■ Task objective: Look below for the line containing "позицію 'Л/ДНР' на Донбасі" and the line containing "Reparto a domicilio Catacaldos Albacete"; repeat exactly those two lines and all lines between them, and nothing else.

***** Dataset records *****

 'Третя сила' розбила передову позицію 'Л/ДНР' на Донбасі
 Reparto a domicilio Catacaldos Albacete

*****
***** Dataset records *****

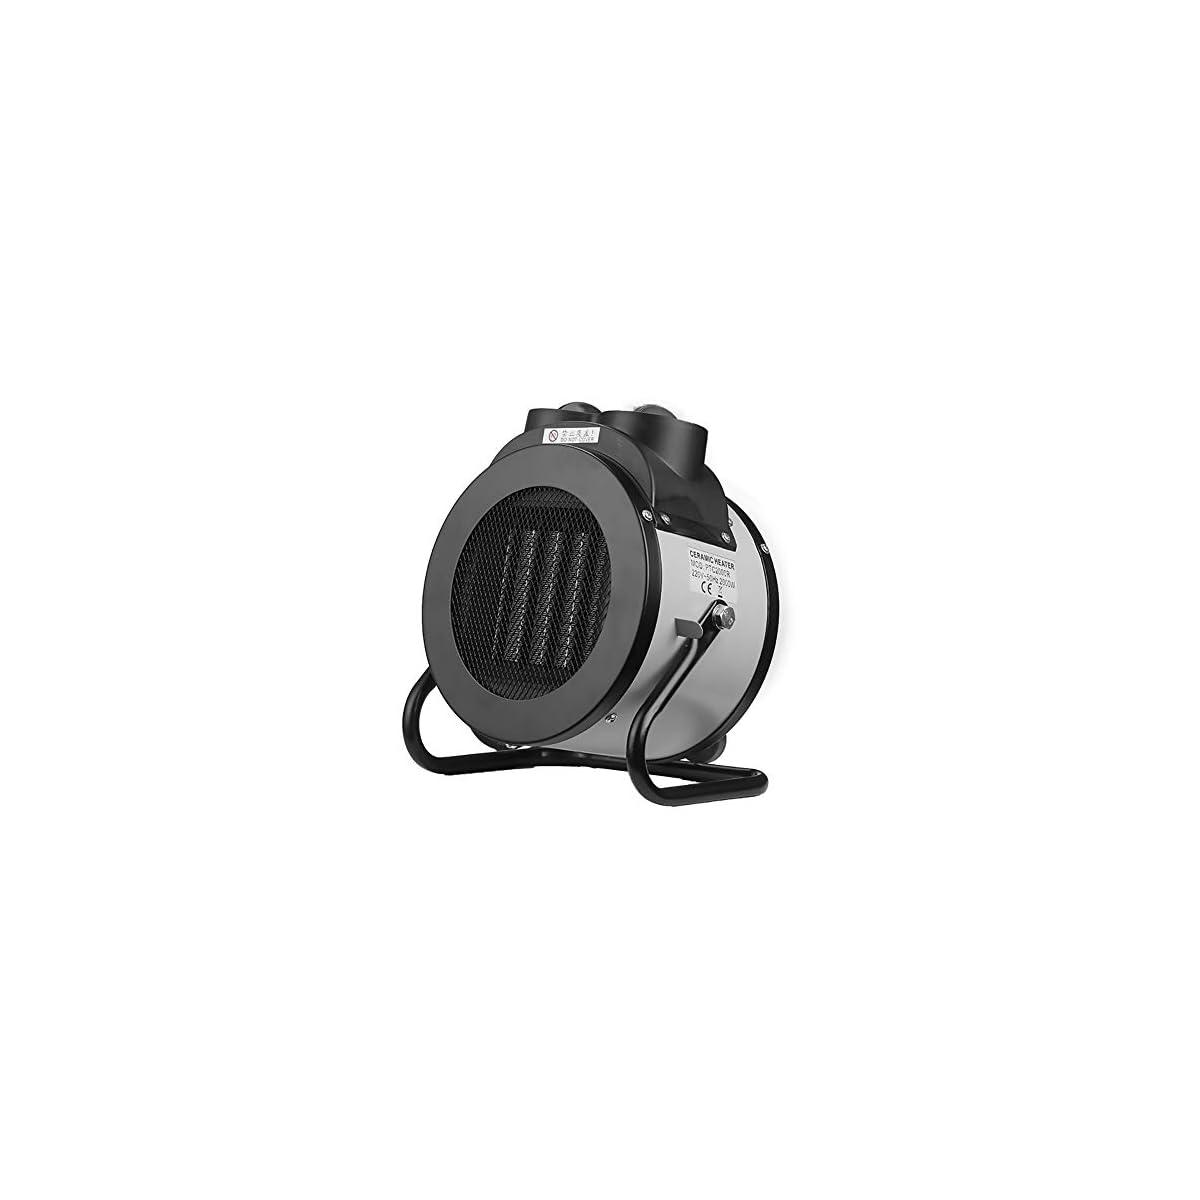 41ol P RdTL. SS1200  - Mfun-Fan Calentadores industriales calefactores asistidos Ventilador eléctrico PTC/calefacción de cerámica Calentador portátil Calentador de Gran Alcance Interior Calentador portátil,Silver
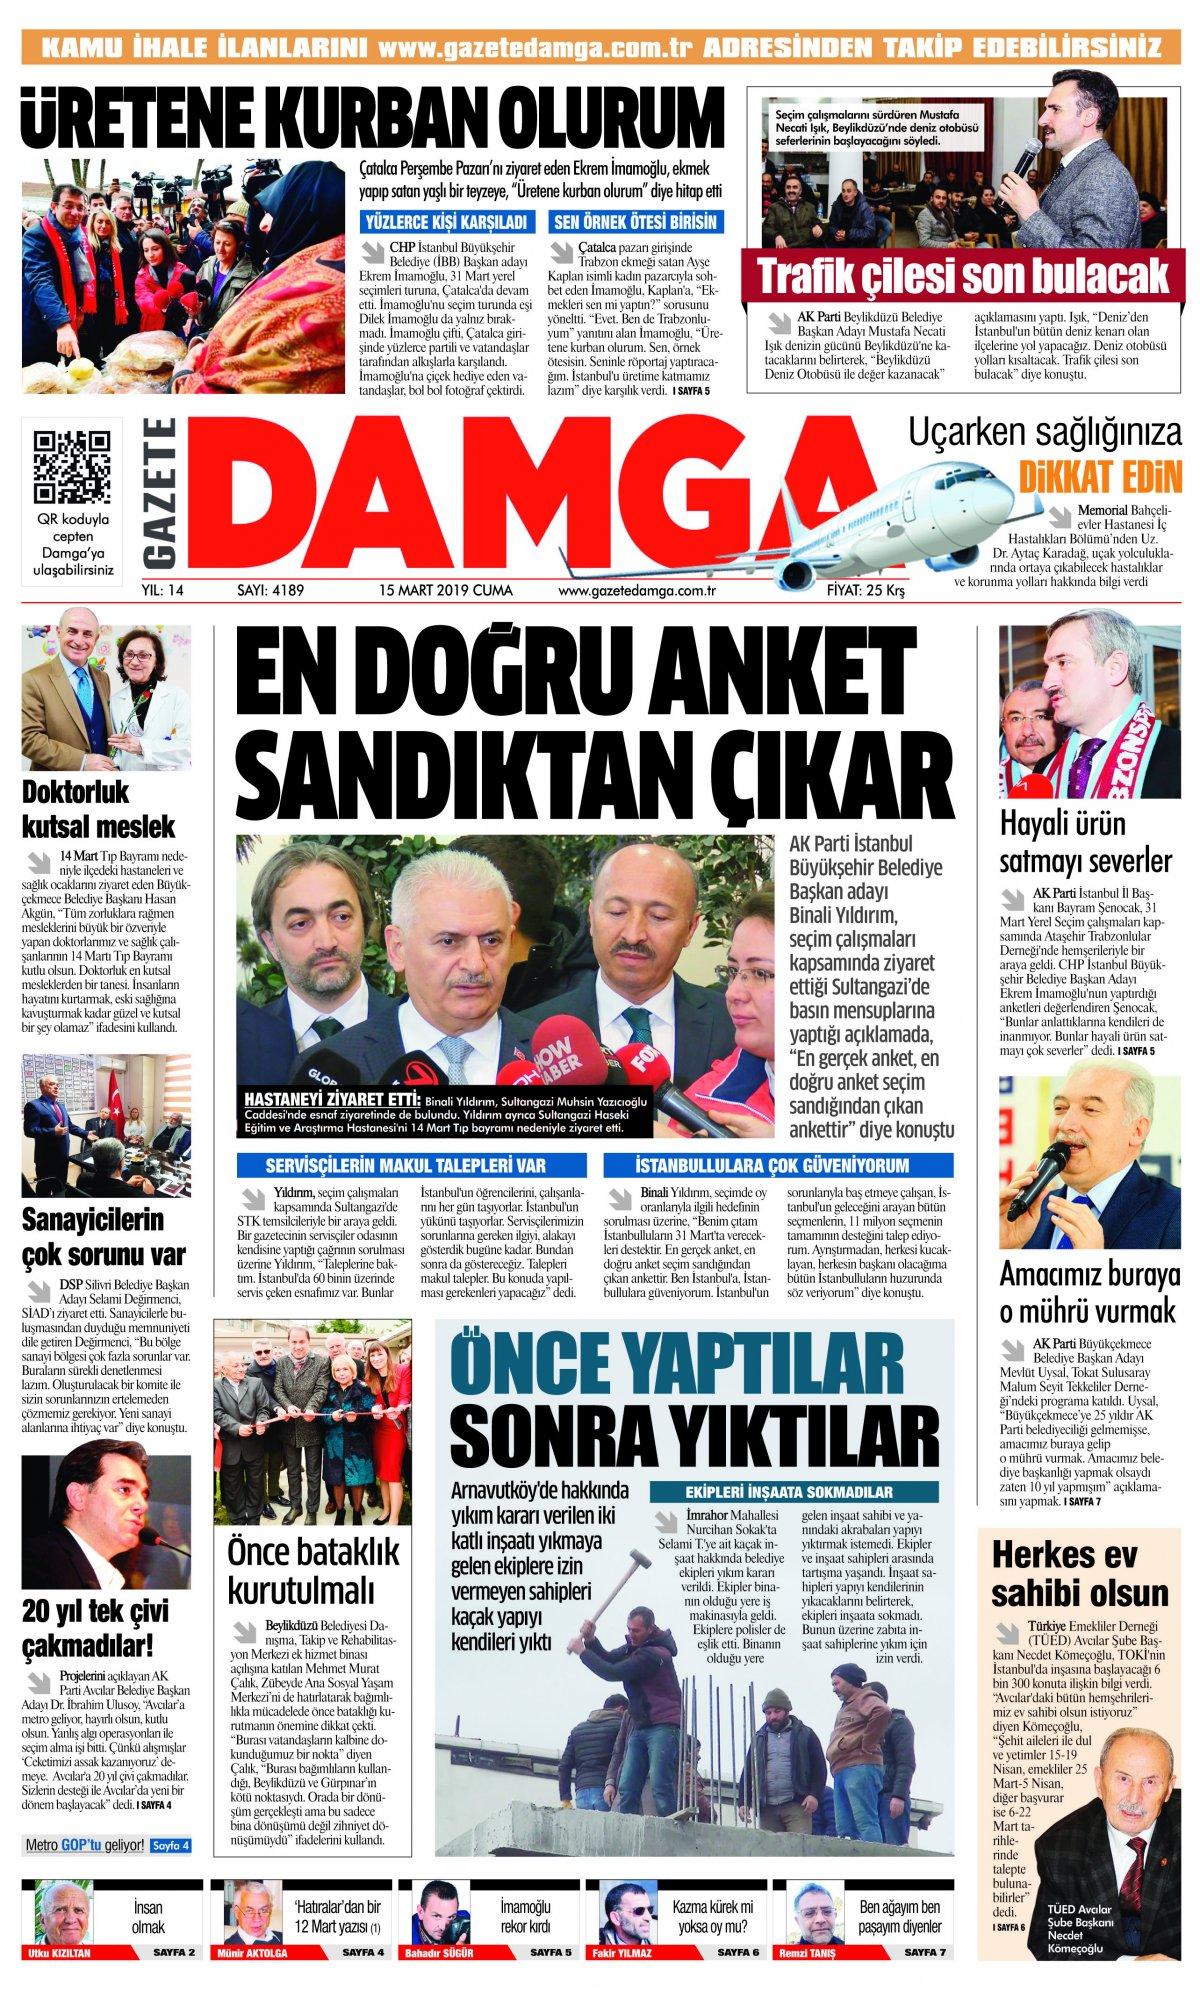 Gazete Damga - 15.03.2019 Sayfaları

*****

■ Result for this task:
 'Третя сила' розбила передову позицію 'Л/ДНР' на Донбасі
 Reparto a domicilio Catacaldos Albacete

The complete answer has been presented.